(INTELLIHUB) — A memorandum dated June 20, 1995, from the Defense Intelligence Agency’s Director of Research and Development with the subject line: “Star Gate — Program Status, Proposed Options” was hand delivered to the agency’s Executive Director as a follow up to the under-the-radar transfer of the ‘Star Gate program SG-1A’ on June 1, 1995 to the Central Intelligence Agency (CIA) making SG-1A fully dark.
The memo made the program sound like a failure. It asked that the details of the then old program become declassified to appease the general public and even mentioned how the program was repackaged.
The new CIA Program (CIAP) was kicked offed with a $500,000 slush fund and came with 10 civilian billets (i.e. civilian safe houses where up the 10 Star Gate teams would eventually operate from).
The DIA’s version of the Star Gate program used remote viewers as admitted in the memo.
DIA remote viewers don’t actually physically travel through a stargate per se but rather view events, past, present, and future, remotely through what’s known as a ‘viewing session,’ almost like a lucid dream but much more vivid.
During a viewing session the viewer is typically provided a sealed envelop containing a 3×5 card in it with instructions and coordinates of the target as other declassified CIA documents reveal.
The thing is, the DIA program also continued but went dark under the name “Stargate,” written as all one word and still continues to this day.
The newer DIA “Stargate” program was garnering $2,000,000 per year back in 2016, a declassified CIA document reveals — so imagine what the budget is today, for both the DIA and CIA.
It’s also believed that the CIAP was weaponized to allow for physical transfers through actual stargates, as seen in the hit TV series “Stargate SG-1” and remains totally secret, while the DIAP remains known to the members of the Senate and receives a semi-public budget yearly.

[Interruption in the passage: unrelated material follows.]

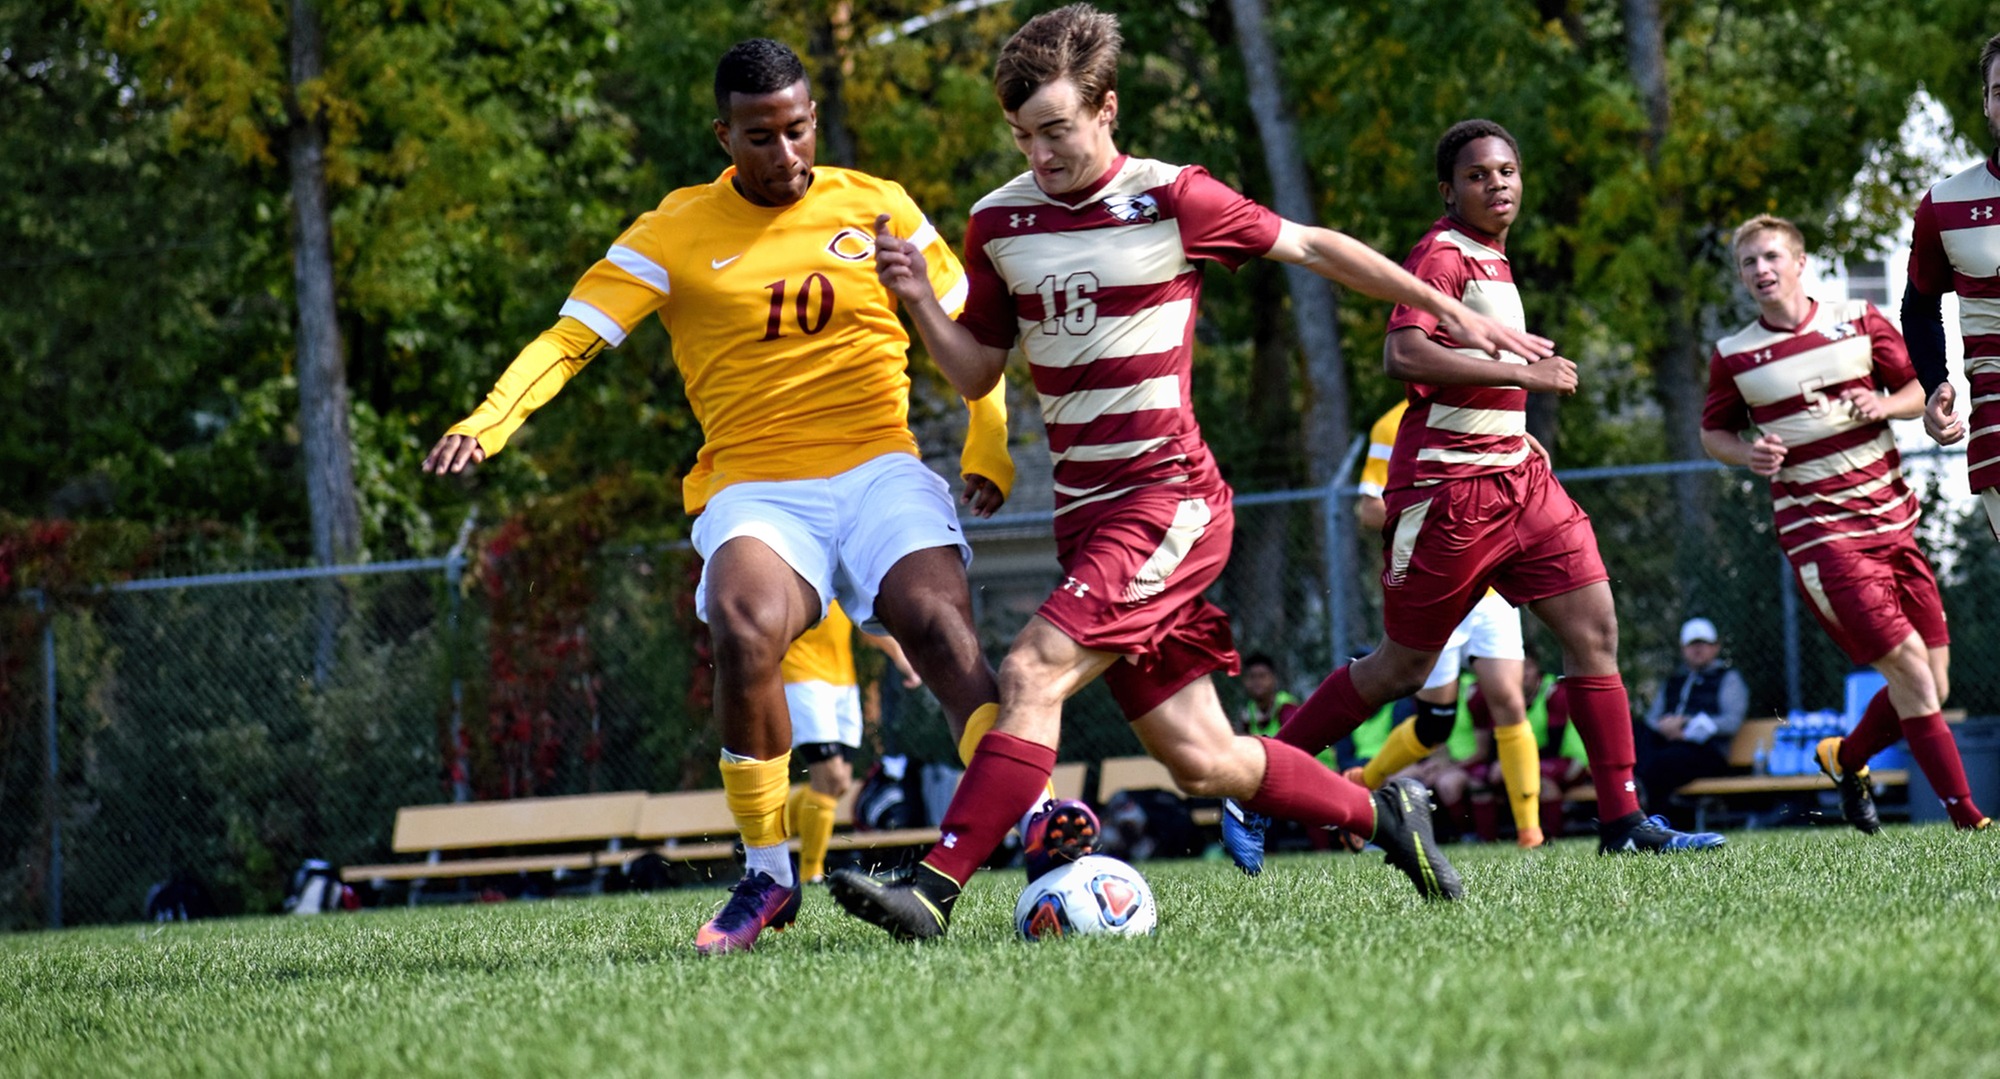 Junior Pierre Freitas-Elysee battles for the ball in the Cobbers' win over Coe. Freitas-Elysee assisted on the game-winning goal in double overtime. (Photo courtesy of Maddy Reed)

The show Stargate SG-1 was nothing more than predictive programming to hide the above top secret reality in plain sight. It is now burned into people’s minds that the program is a fantasy, despite the fact that it’s very real.
Aside from speculation, what we do know is that the CIA was testing remote viewing since the 1970’s, two-and-a-half decades before the agency acquired the DIA program in 1995, and three-and-a-half decades before ‘Stargate teams,’ such as the Army 9-Line Response Team “Stargate 13” and others were identified to be on patrol in Iraq in 2005.